Hua Yien Guang abrió los ojos. Miró a Tien Shang Hai a los ojos y asintió. —¿Mi compañero taoísta Tien Shang Hai, quién soy yo para rechazar su invitación?
Hua Yien Guang había vuelto a la normalidad. Su brazo, que Bai Chen le había cortado, se lo habían vuelto a unir gracias a la píldora de conexión del cuerpo dorado.
De lo contrario, habría sido imposible volver a unirlo.
—Jajaja —rio Tien Shang Hai con satisfacción. Sonrió feliz—. Me alegra oír eso.
Sin embargo, un segundo después, su rostro se puso serio.
—La razón por la que he convocado esta reunión es porque tengo algo importante que informar.
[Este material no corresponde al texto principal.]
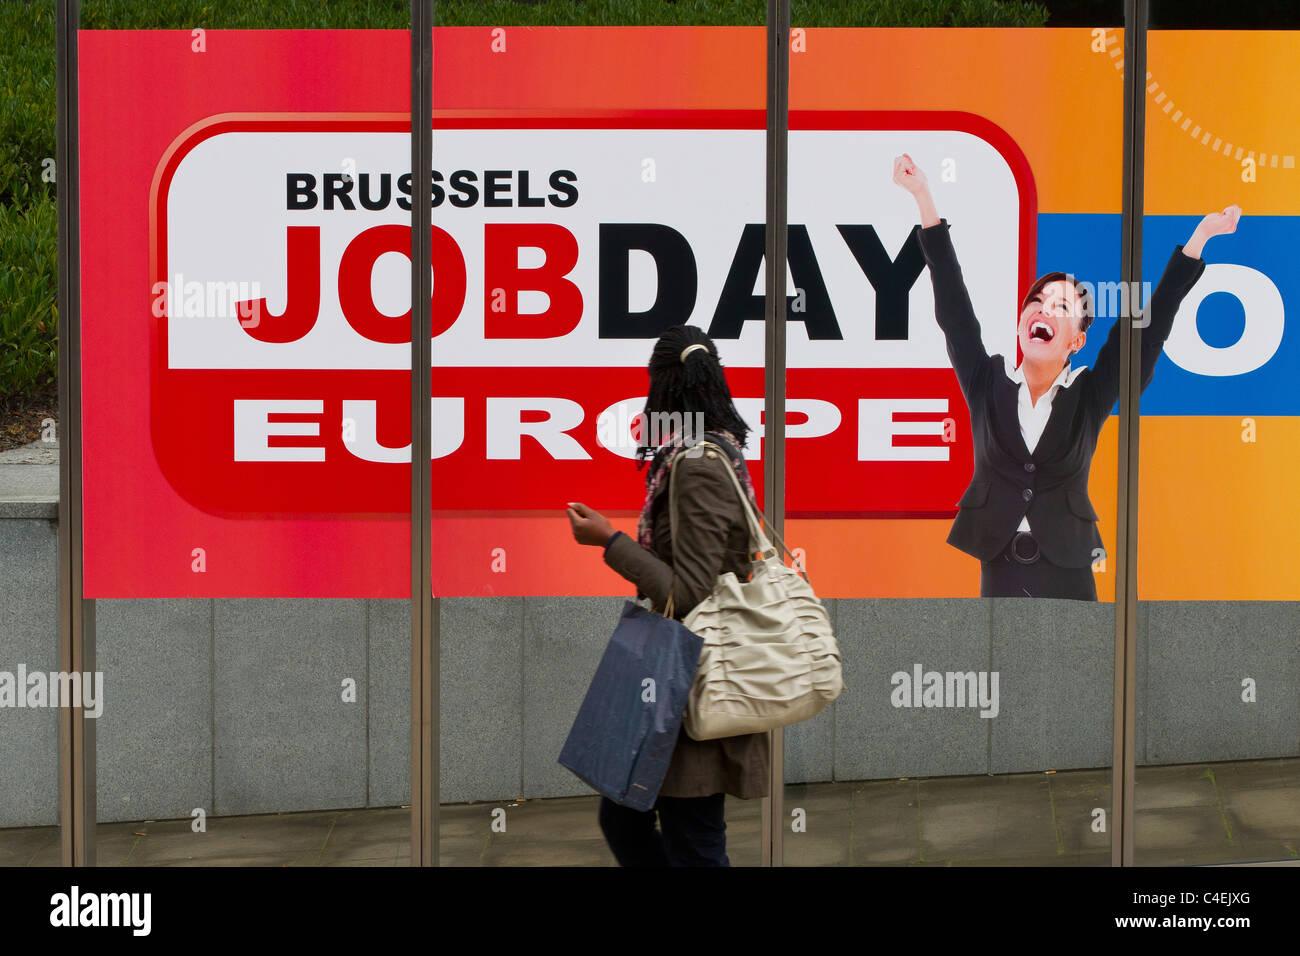 jobday publicity poster advertisement banner brussels belgium - Stock Image

Al ver el rostro y las palabras serias de Tien Shang Hai, las expresiones faciales de Song Hua, Lei Bi Dang y Hua Yien Guang cambiaron. Fruncieron el ceño con fuerza.
«Parece que, en efecto, es un asunto muy importante», pensaron.
Tien Shang Hai recorrió la sala con la mirada y habló.
—Dentro de varios días, el anciano Tien Zhun de la sede de la Asociación Comercial Tien Nan habrá llegado desde la ciudad Wu Zhou.
—¡Quiere encargarse de ese hombre de la Secta Guerra Deidad!
—Yo soy miembro de la Asociación Comercial Tien Nan, así que, naturalmente, estoy metido en esto. Me gustaría preguntarles a todos ustedes, compañeros taoístas, si también quieren unirse a nosotros.
Al oír eso, los demás se alarmaron.
—¿E… esto es…?!
Los tres se quedaron sin palabras. Miraron a Tien Shang Hai con los ojos muy abiertos. Sus expresiones faciales pasaron de la alarma a la incredulidad. No querían creer todo lo que Tien Shang Hai acababa de decir.